Sebagai manusia biasa, it's okay kok untuk merasa kewalahan. Memang kita diciptakan sepaket dengan emosi negatif semacam itu. Terima saja. Nah, dari sana mungkin bisa dimulai untuk belajar mengidentifikasi emosi-emosi yang muncul beserta dengan pemicunya. Kalau ternyata keadaan finansial bikin stres dan sepertinya sedang susah untuk diotak-atik, ya sudah. Mulai mengotak-atik bagian yang bisa kita jamah. Apa? Ya emosi itu tadi. Belajar untuk me-manage emosi alih-alih hanya menelannya mentah-mentah dan berpura-pura baik-baik saja. Lampiaskan emosi-emosi negatif tadi ke medium yang paling gampang dijangkau, menulis misalnya, atau bernyanyi teriak-teriak di kamar mandi.
Sesekali perlu juga kok curhat ke orang terpercaya untuk sekedar merilis beban supaya bisa fit lagi. Ini berguna supaya dapat mengambil keputusan berikutnya dengan rasional. Bahkan sekarang BPJS juga sudah ada fasilitas kejiwaan, manfaatkan saja kalau memang sudah mulai merasa kehidupan sehari-harinya terganggu. Intinya apapun lah yang dirasa sesuai asalkan plong. Dengan demikian, harapannya kita semua dapat tetap me-manage kesehatan mental, meskipun sedang diterpa badai ketidakstabilan finansial. Kalau sudah begitu kan kita jadi lebih tahu dan harapannya jadi lebih bijak dalam mengambil keputusan.
Di lain sisi, peran serta pemerintah dalam memperbanyak fasilitas kejiwaan dan penyetabilan kondisi ekonomi negara juga sangat penting. Jadi nggak hanya sekedar sosialisasi tentang ekonomi dan kesehatan mental saja, sudah pada eneg dengan webinar dan presentasi semacam itu. Tapi ada aksi yang efektif dan efisien dalam menjangkau masyarakat. Syukur-syukur ada fasilitas deteksi dini bagi orang yang berpotensi teserang gangguan kejiwaan. Bagaimana menurut kalian?
Referensi
Alwisol. 2019. Psikologi Kepribadian. Malang: Universitas Muhammadiyah Malang.

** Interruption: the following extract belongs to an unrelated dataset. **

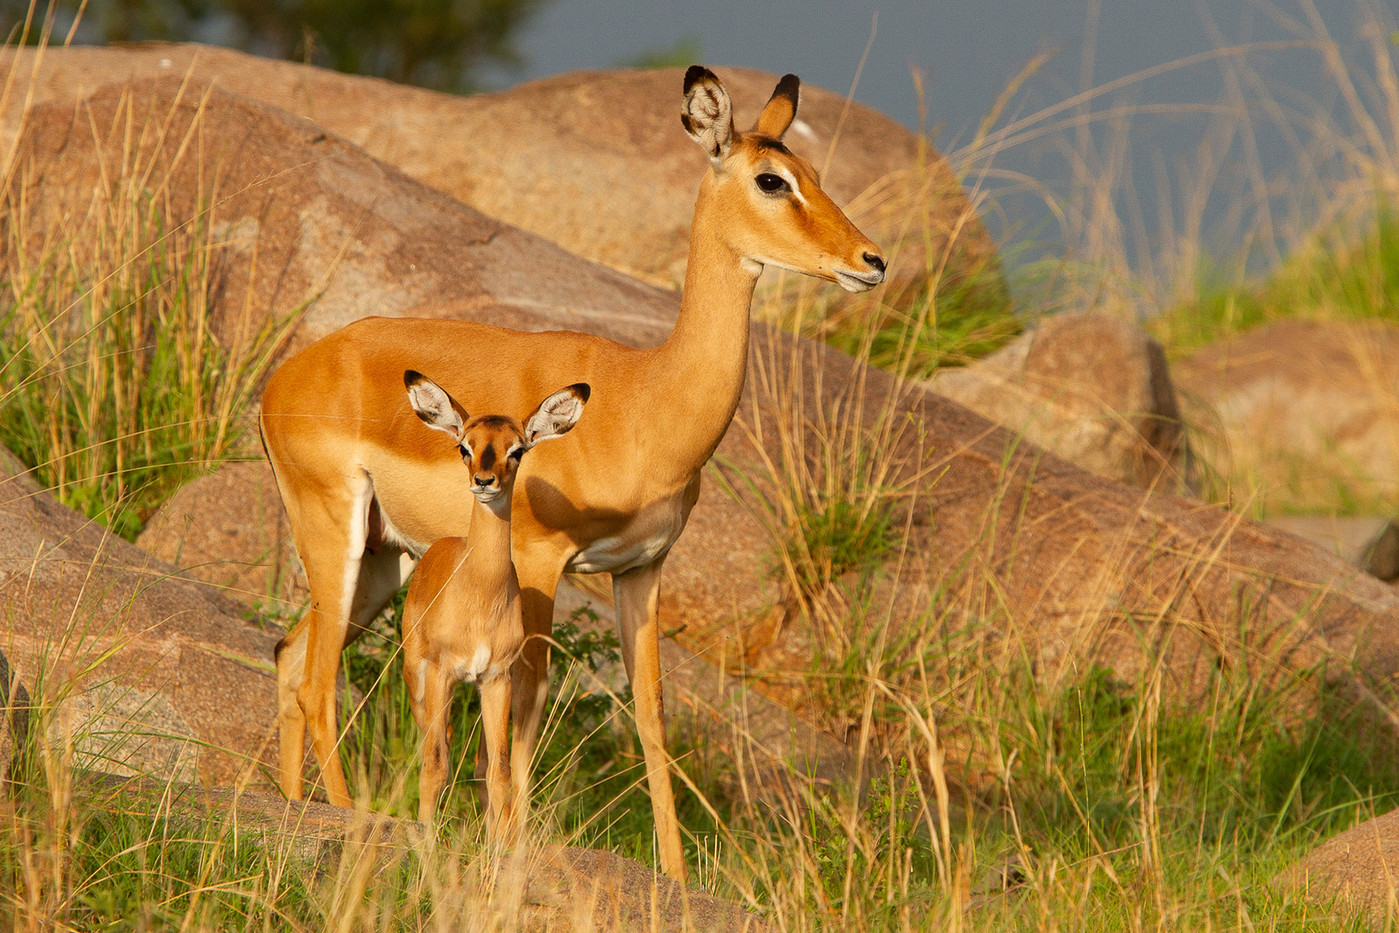 Impala & calf in the Serengeti NP, Tanzania
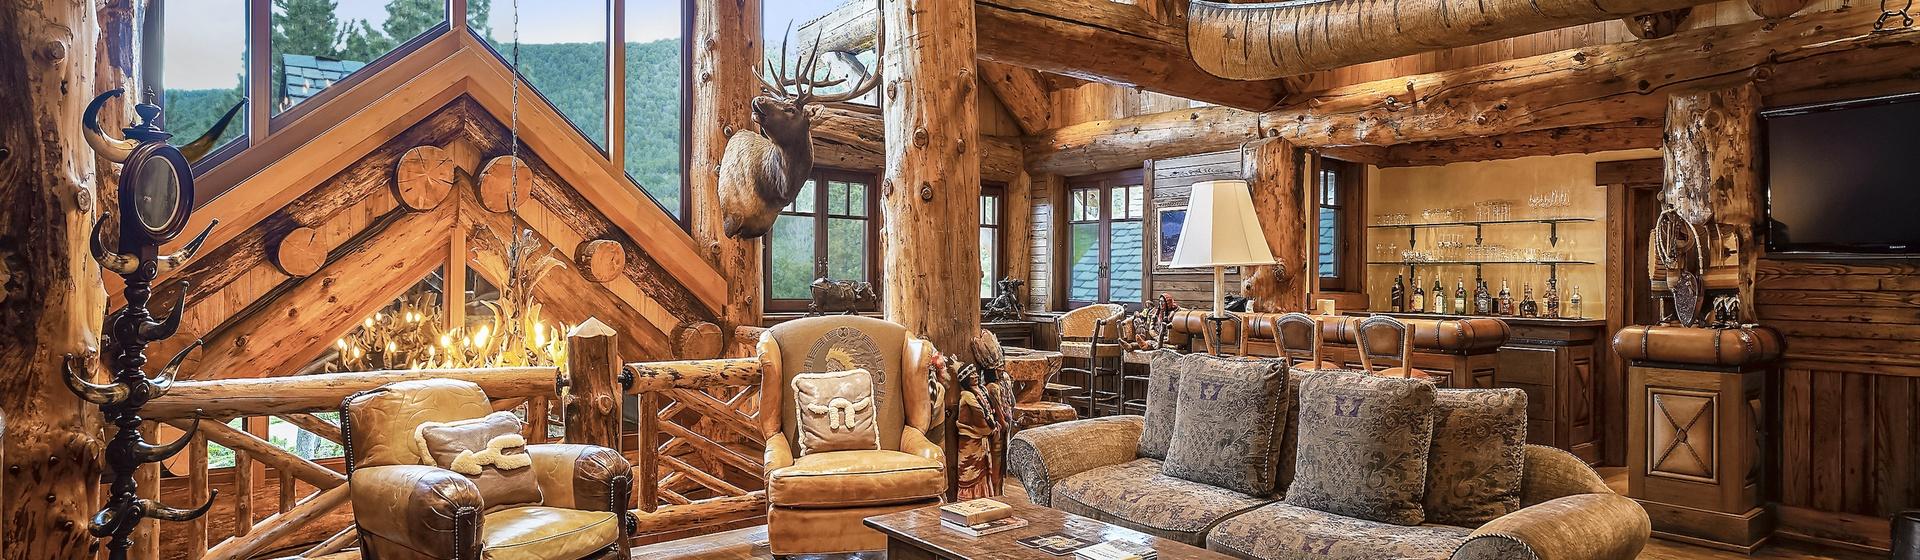 6.2-Telluride-Sleeping-Indian-Ranch-second-floor-landing-sitting-area-web.JPG

Badan Pusat Statistik. 2024. Berita Resmi Statistik No. 50/07/Th. XXVII. Jakarta.
Laporan Nasional Riskesdas 2018. Jakarta: Lembaga Penerbit Badan Penelitian dan Pengembangan Kesehatan.
Survei Kesehatan Indonesia Tahun 2023. Jakarta: Badan Kebijakan Pembangunan Kesehatan.
Tempo. 2024. "5 Negara Termiskin di Asia Tenggara Berdasarkan PDB per Kapita 2024, Ada Indonesia?", (Online), (https://dunia.tempo.co/read/1915785/5-negara-termiskin-di-asia-tenggara-berdasarkan-pdb-per-kapita-2024-ada-indonesia, diakses 04 November 2024).
World Health Organization. 2021. Suicide Worldwide in 2019: Global Health Estimates. Geneva: WHO.
World Health Organization. 2022. Addressing Mental Health in Indonesia. New Delhi: WHO.